University of Missouri- Kansas City, Kansas City, MO; Saint Luke's Mid America Heart Institute, Kansas City, MO.
University of Missouri- Kansas City, Kansas City, MO; Saint Luke's Mid America Heart Institute, Kansas City, MO.
Am Heart J. 2018 Jul;201:117-123. doi: 10.1016/j.ahj.2018.04.012. Epub 2018 Apr 21.
Although the Seattle Angina Questionnaire (SAQ) has been widely used to assess disease-specific health status in patients with ischemic heart disease, it was originally developed in a predominantly male population and its validity in women has been questioned.
Using data from 8892 men and 4013 women across 2 multicenter trials and 5 registries, we assessed the construct validity, test-retest reliability, responsiveness to clinical change, and predictive validity of the SAQ Summary Score (SS) and its 5 subdomains (Physical Limitation (PL), Anginal Stability (AS), Angina Frequency (AF), Treatment Satisfaction (TS), and Quality of Life (QoL)) separately in men and women.

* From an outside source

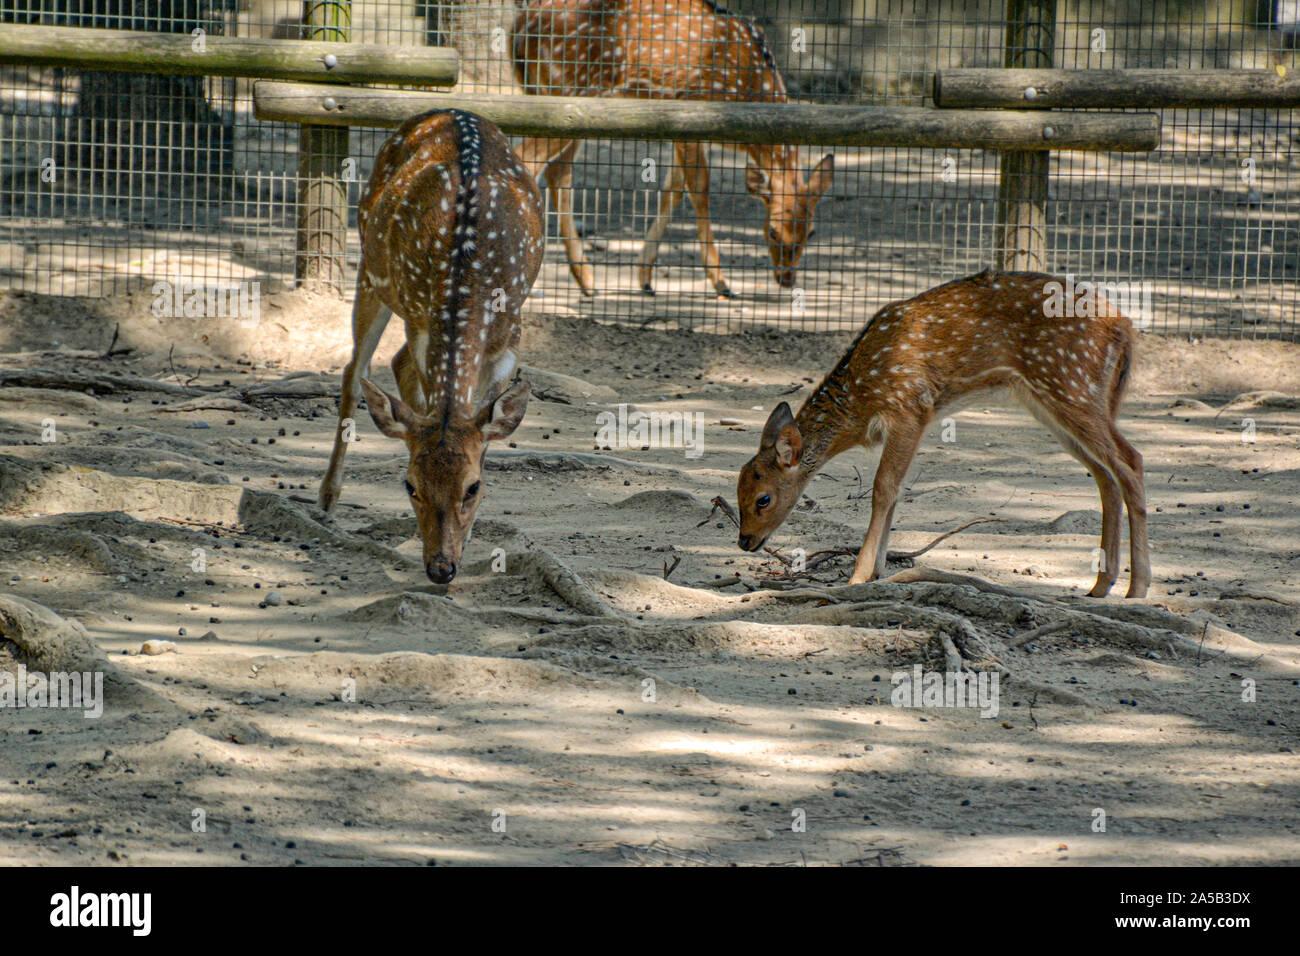 Rehe/deer im Zoo Punta Verde en Lignano (Italien) / Tierpark en Lignano / Sehenswürdigkeit en Lignano (Italien) Foto de stock
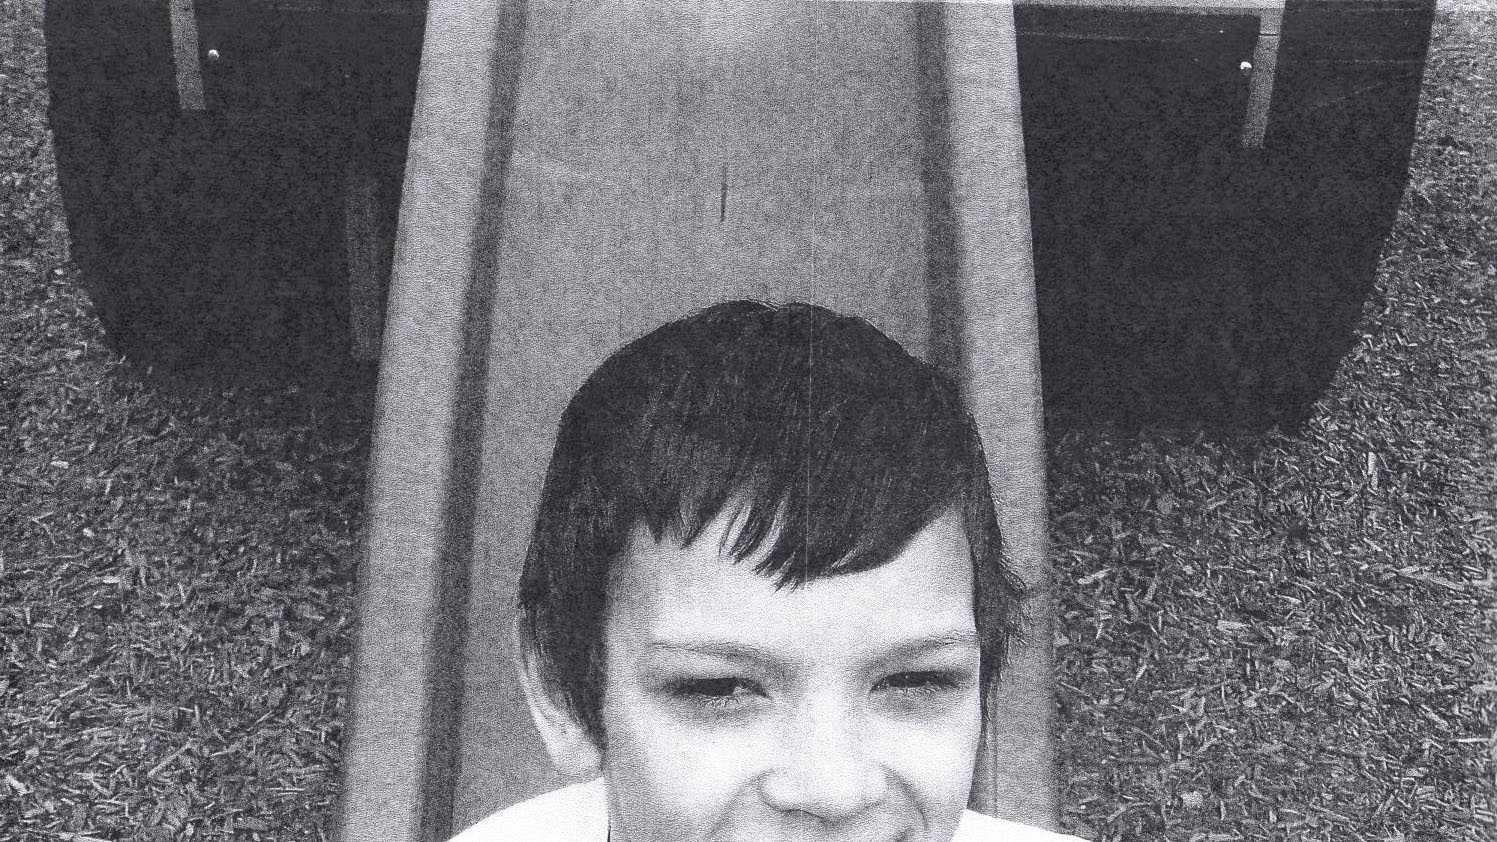 122512 missing boy

Comparable correlations of the SAQ SS with Canadian Cardiovascular Society class was demonstrated in both men and women (-0.48 for men, -0.46 for women). Similar correlations between the SAQ PL scale with treadmill exercise duration and Short Form-12 (SF-12) Physical Component Summary were observed in women and men (0.34-0.63 and 0.40-0.63, respectively). SAQ AS scores were significantly lower for both men and women with acute syndromes compared with 1 month later. The SAQ AF scale was strongly correlated with daily angina diaries (0.62 for men and 0.66 for women). The SAQ QoL scores were moderately correlated with the EQ5D visual analog scale and SF-12 general health question in men (0.43-0.50) and women (0.33-0.39). All SAQ scales demonstrated excellent reliability (intraclass correlation ≥0.78) in both men and women with stable CAD and were very sensitive to change after percutaneous coronary intervention (≥15-point difference in scores, standardized response mean ≥ 0.67). The SAQ SS was similarly predictive of 1-year mortality and cardiac re-hospitalizations for both men and women.
The SAQ demonstrates similar psychometric properties in men and women with CAD. These findings provide evidence for validity of the SAQ in assessing women with IHD.
西雅图心绞痛问卷(SAQ)已广泛用于评估缺血性心脏病患者的特定疾病健康状况,但最初是在男性人群中开发的,其在女性中的有效性受到质疑。
我们使用来自 2 项多中心试验和 5 项注册研究的 8892 名男性和 4013 名女性的数据,分别评估了 SAQ 综合评分(SS)及其 5 个亚领域(身体限制(PL)、稳定性心绞痛(AS)、心绞痛频率(AF)、治疗满意度(TS)和生活质量(QoL))在男性和女性中的结构有效性、重测信度、对临床变化的反应能力和预测有效性。
在男性和女性中,SAQ SS 与加拿大心血管学会(CCS)分级的相关性相似(男性为-0.48,女性为-0.46)。在女性和男性中,SAQ PL 量表与跑步机运动时间和 SF-12 物理成分综合评分之间也观察到相似的相关性(分别为 0.34-0.63 和 0.40-0.63)。与 1 个月后相比,急性综合征的男性和女性的 SAQ AS 评分均显著降低。SAQ AF 量表与每日心绞痛日记密切相关(男性为 0.62,女性为 0.66)。SAQ QoL 评分与男性的 EQ5D 视觉模拟量表和 SF-12 一般健康问题呈中度相关(男性为 0.43-0.50,女性为 0.33-0.39)。在患有稳定 CAD 的男性和女性中,所有 SAQ 量表的可靠性均很高(组内相关系数≥0.78),经皮冠状动脉介入治疗后变化非常敏感(评分差异≥15 分,标准化反应均值≥0.67)。SAQ SS 对男性和女性的 1 年死亡率和心脏再入院率也具有相似的预测价值。
SAQ 在 CAD 男性和女性中具有相似的心理测量特性。这些发现为 SAQ 在评估女性缺血性心脏病中的有效性提供了证据。